MATERIAL FOR THIS TASK START
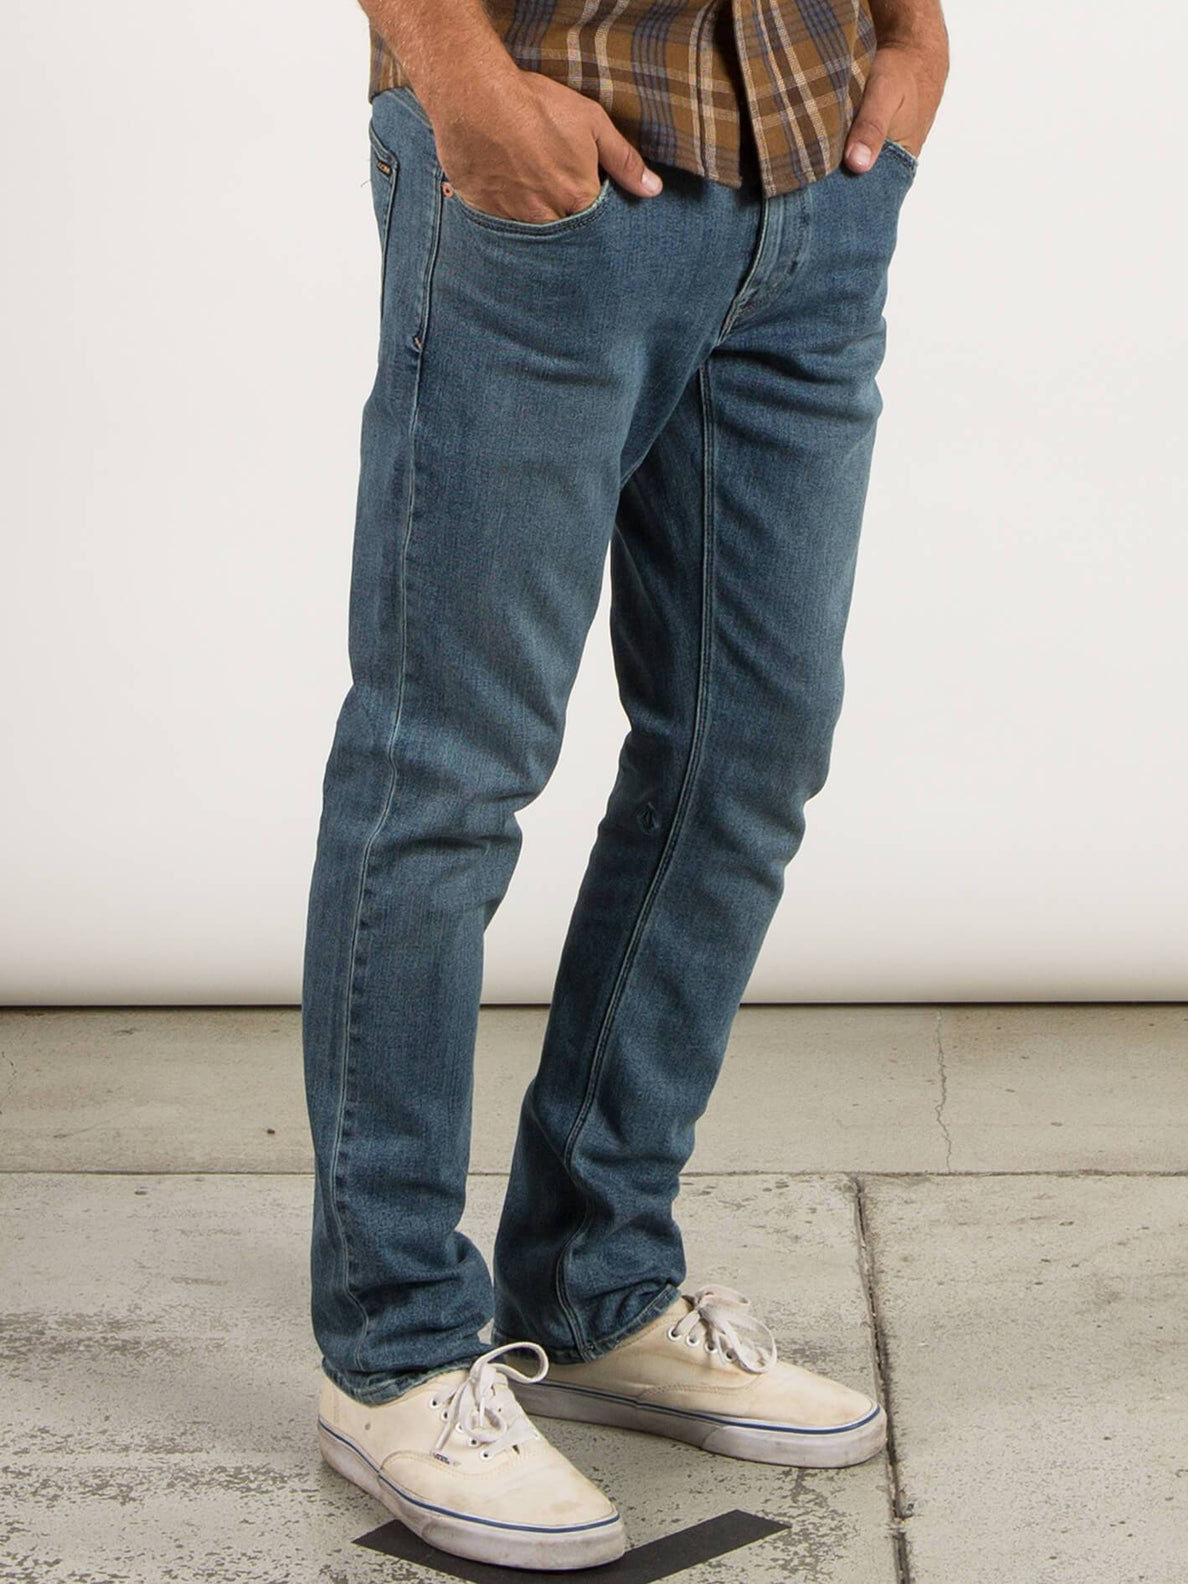 seventies jeans
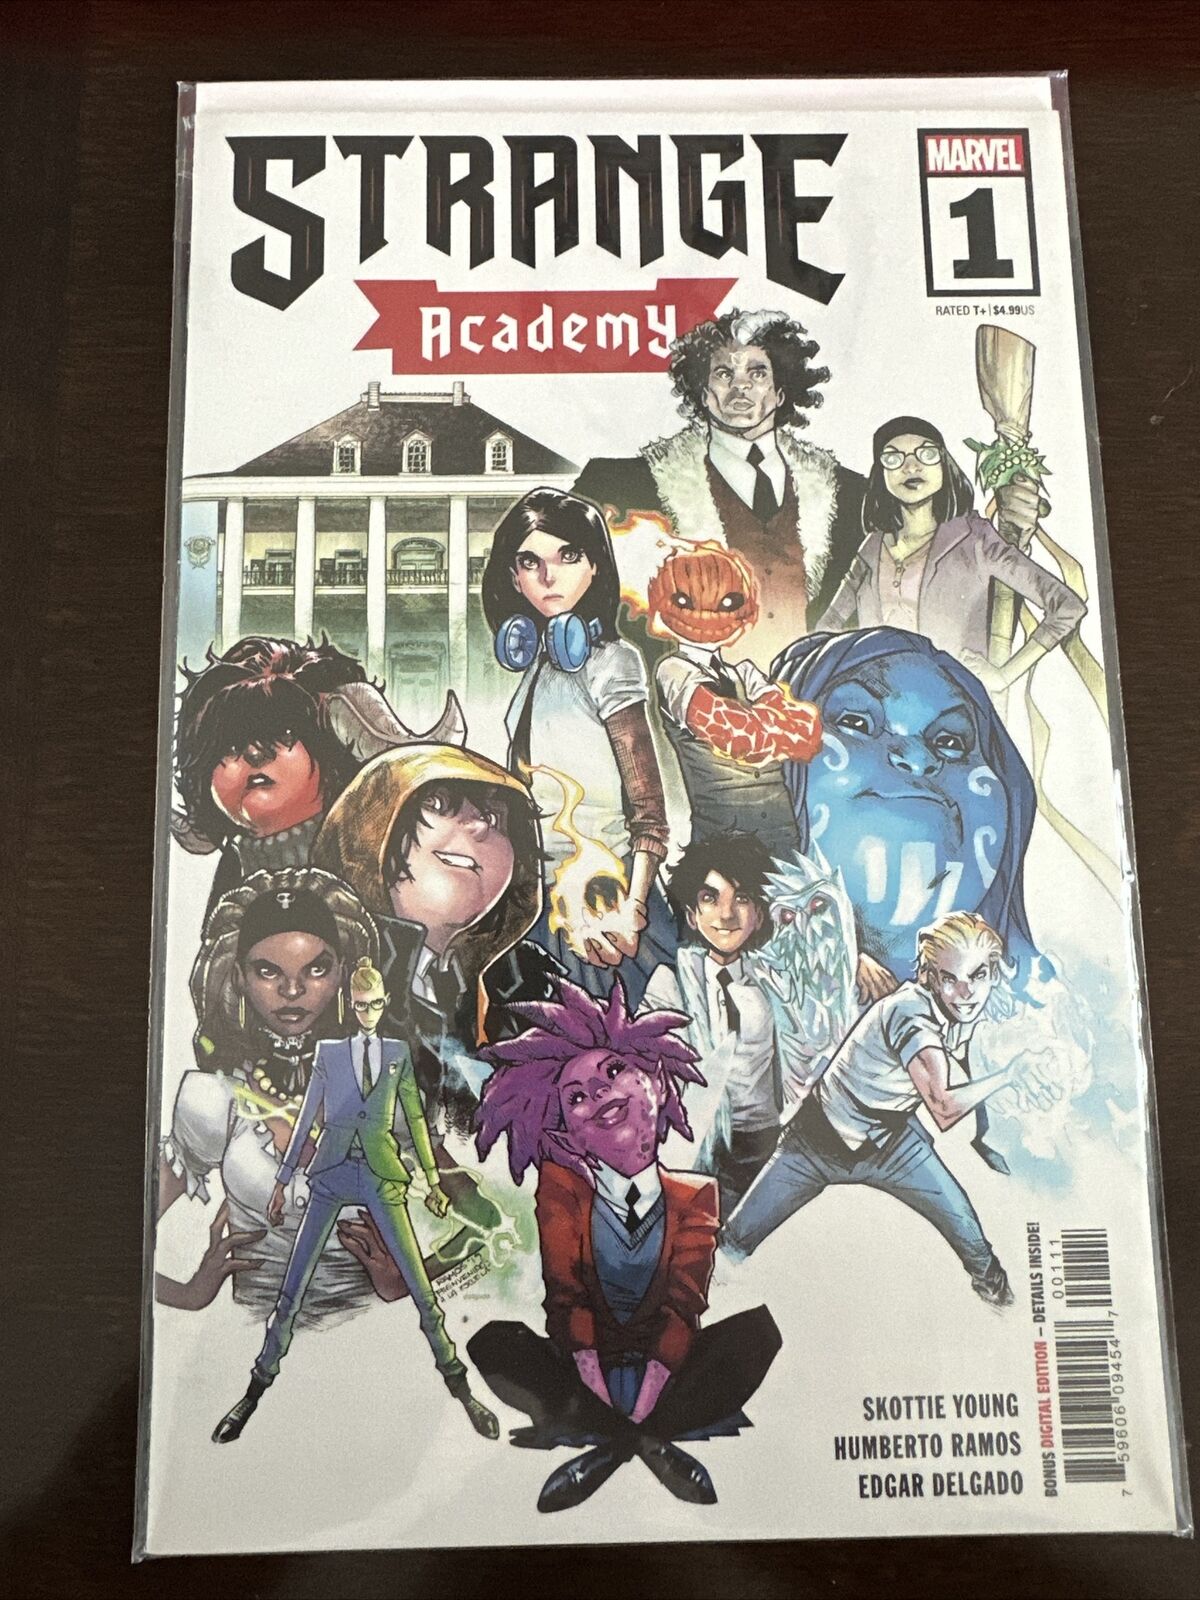 Strange Academy #1 1st Print CvR A. Marvel Comics 2020 Many 1st Appearances
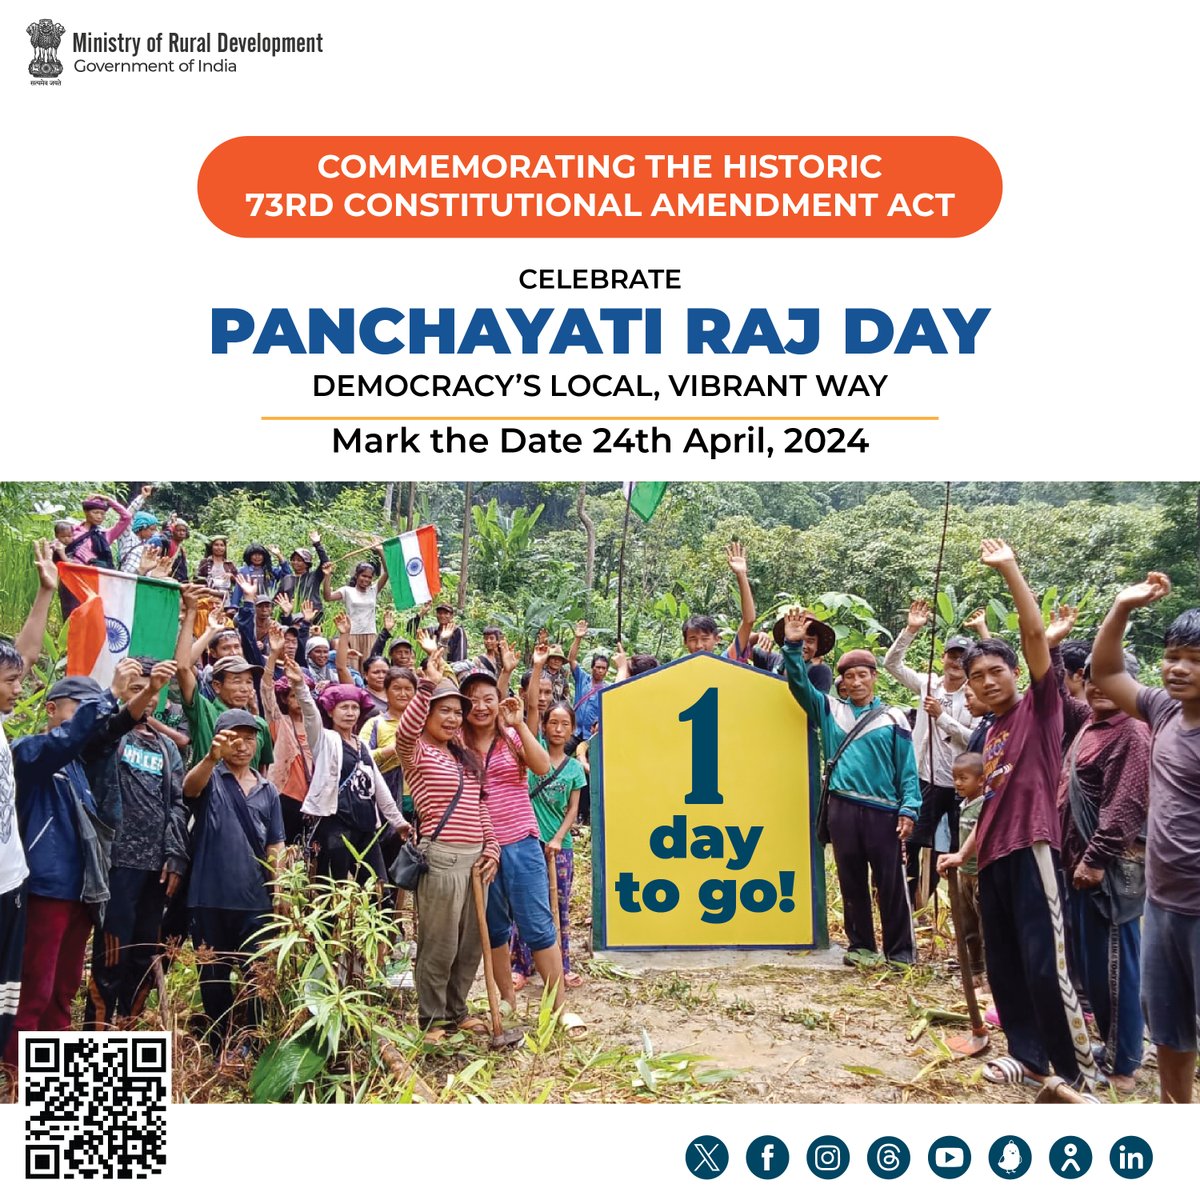 1 Day to go! #NationalPanchayatiRajDay #PanchayatiRajDay #PanchayatiRajDay2024
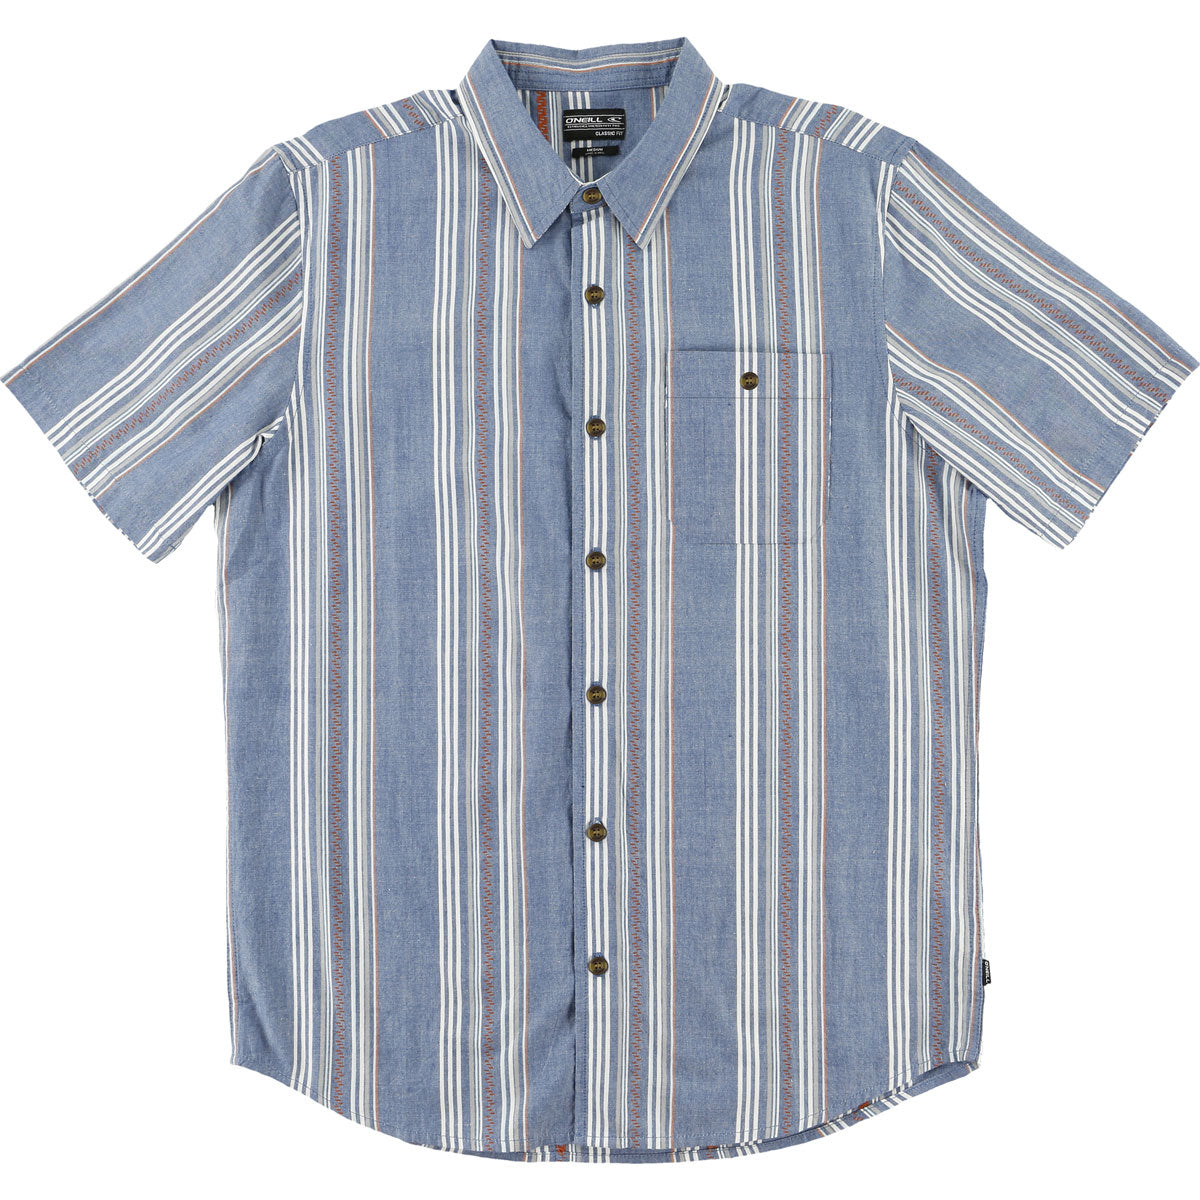 O'Neill Gilmour Men's Button Up Short-Sleeve Shirts - Blue
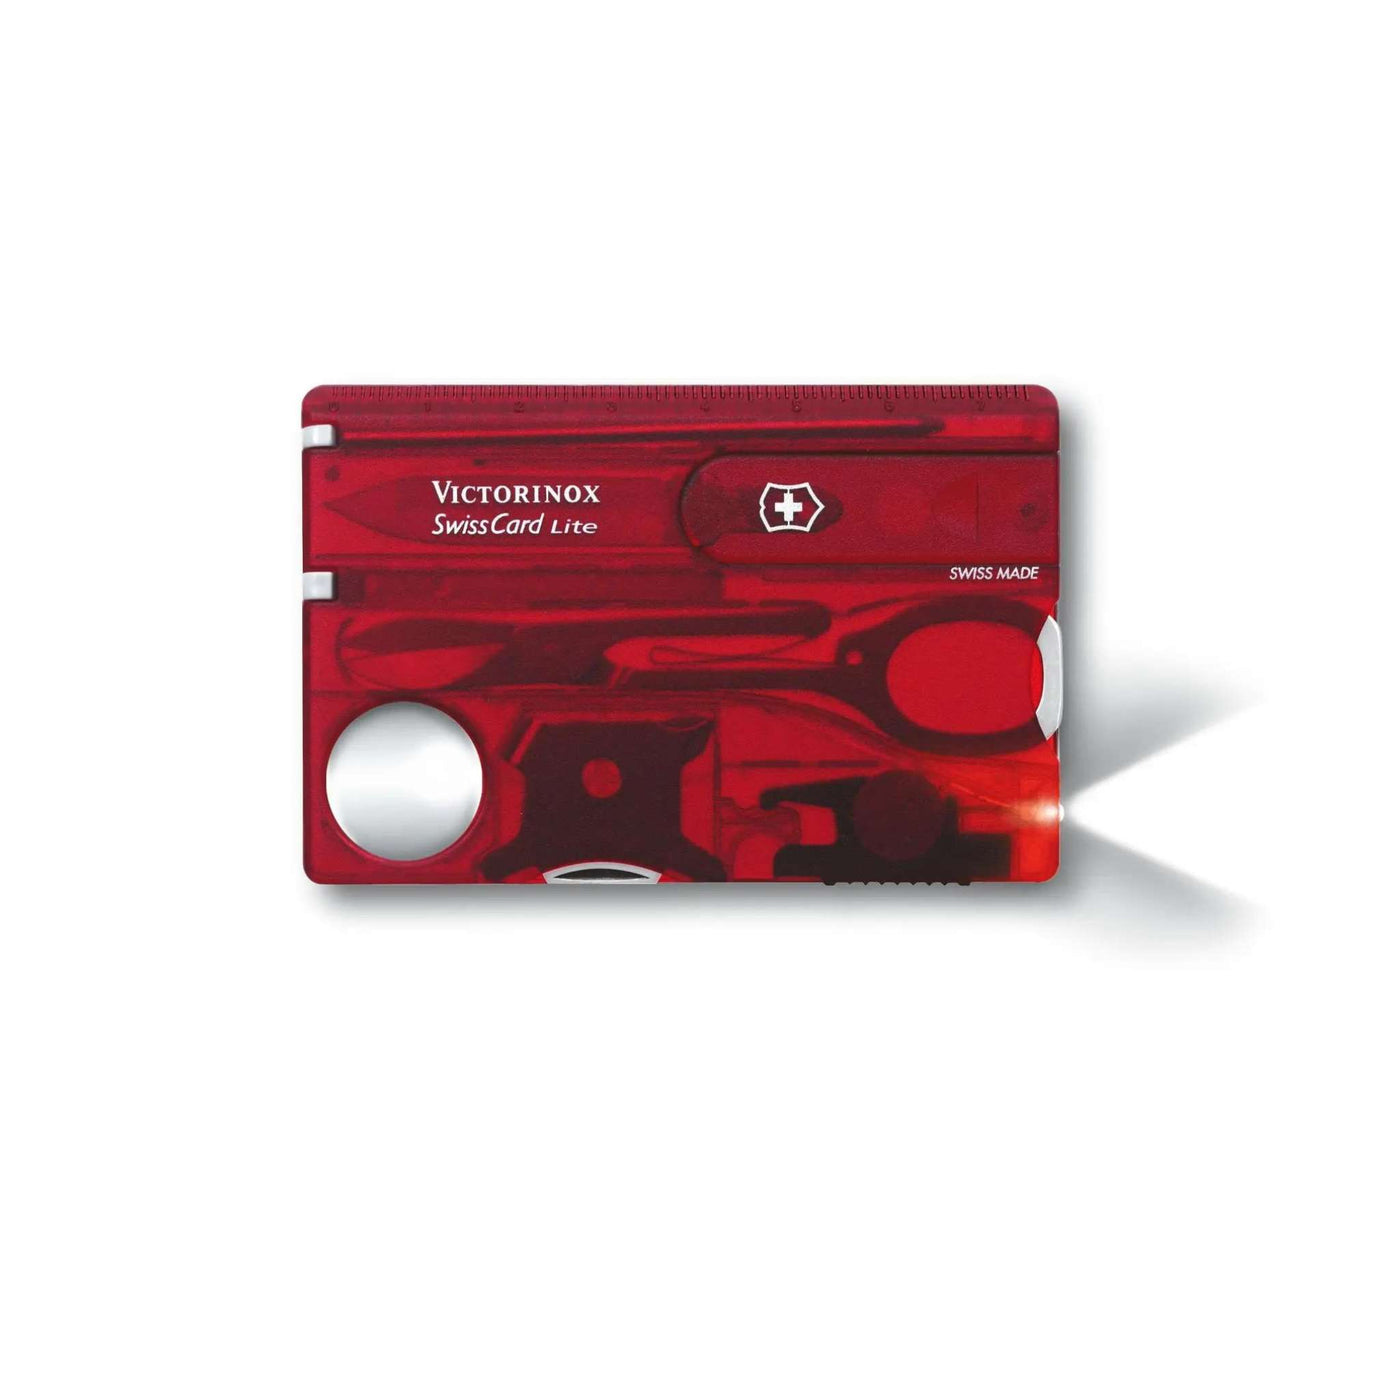 Victorinox Swiss Card Lite
MATERIAL FOR THIS TASK END
■ **TASK GOAL**
Print every line above exactly. Leave the pictures out.

■ **RESULT OF THIS TASK**
 seventies jeans
 Strange Academy #1 1st Print CvR A. Marvel Comics 2020 Many 1st Appearances
 1 Day to go! #NationalPanchayatiRajDay #PanchayatiRajDay #PanchayatiRajDay2024
 O'Neill Gilmour Men's Button Up Short-Sleeve Shirts - Blue
 Victorinox Swiss Card Lite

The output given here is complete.